Scientists also study eye movements using head-mounted eye trackers to ascertain objects of visual focus.

But much of our visual perception cannot be understood as a direct fit between seeing something and that thing registering in our attention.

Looking but not seeing

Our everyday perception is littered with episodes that psychologists call “inattentional blindness” and “change blindness”.

In other words, something happens in front of us but because our attention is elsewhere, we don’t register having seen it.

Neurologically speaking, when change occurs gradually it is referred to as change blindness, and one of the best examples of this is British psychologist Richard Wiseman’s colour card changing trick.

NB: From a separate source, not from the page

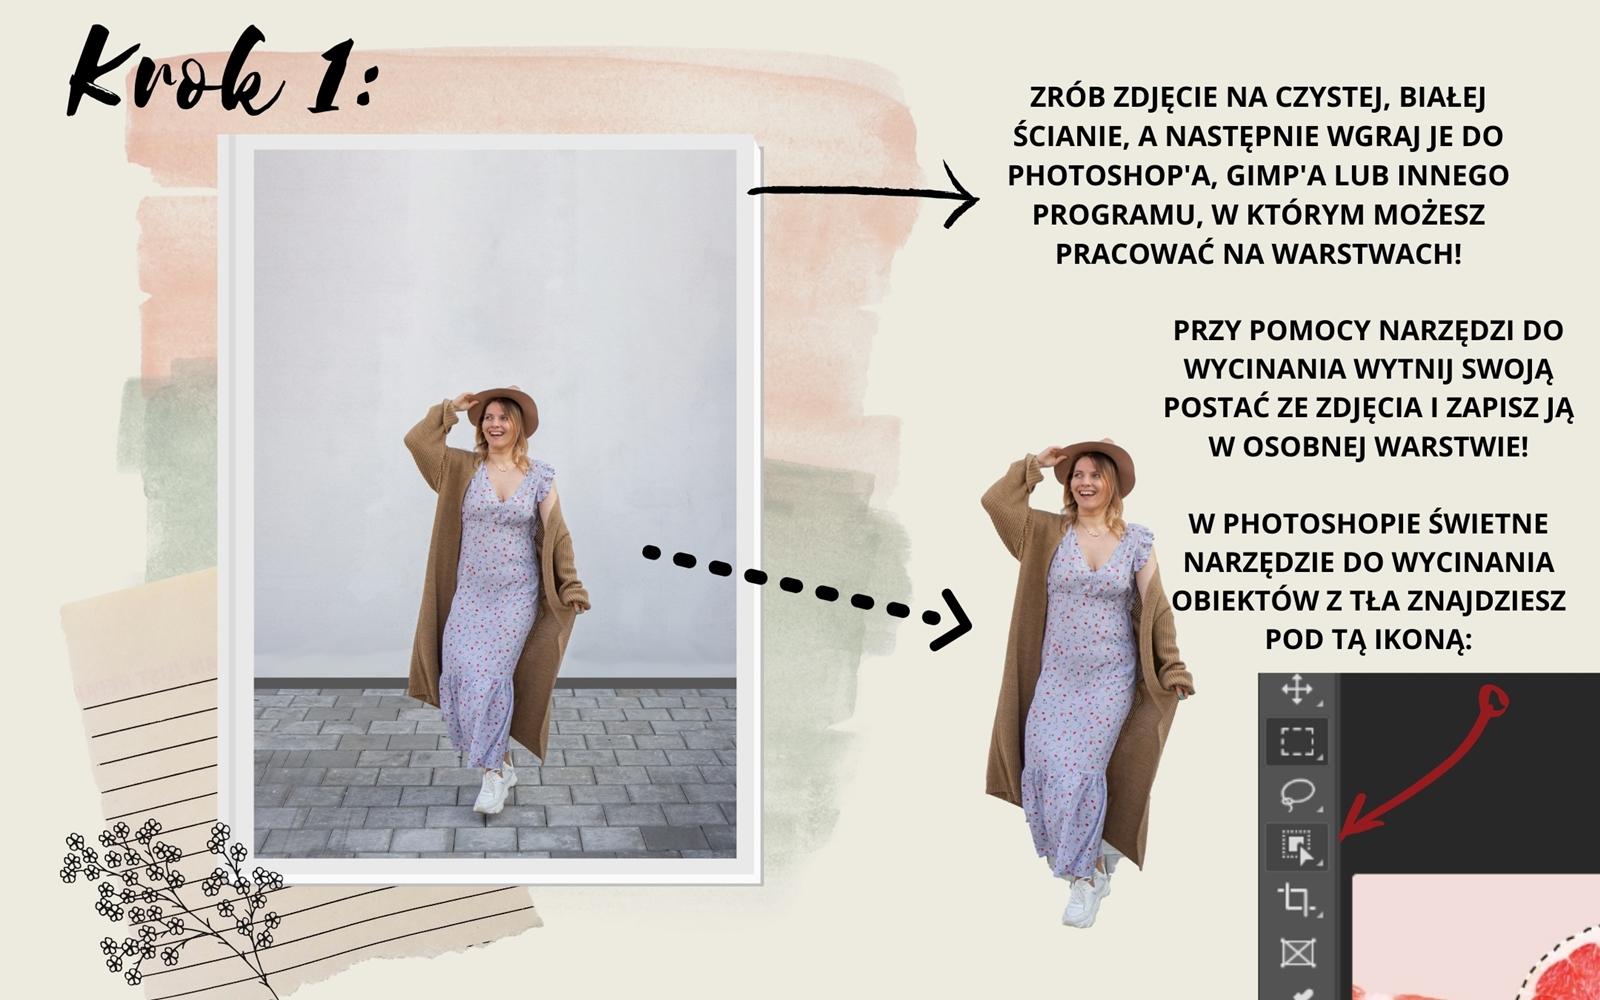 2 how change wall in photoshop instagram photo ideas in home pomysły na zdjęcia na instagramie

An experiment by American psychologists Daniel Simons and Christopher Chabris is by far the most famous illustration of this, and won them the Ig Nobel Prize in 2005.

But while the colour card changing “trick” and Simons and Chabris' experiment aren’t technically magic tricks, magic provides an arena for observing how our visual perception is often at odds with the objects and events happening before our very eyes.

Misdirection is a standard technique of the magician’s palette and demonstrates the perceptual rift between looking at something and attending to it and it is this rift that fascinates neuroscientists and neuropsychologists.

Commonly thought to be about speed – isn’t the hand quicker than the eye? – misdirection is actually more about leading us to focus only on a particular area.

When a magician throws a ball into the air and it seemingly vanishes, the trick works because the audience is following the magician’s gaze – not his hand.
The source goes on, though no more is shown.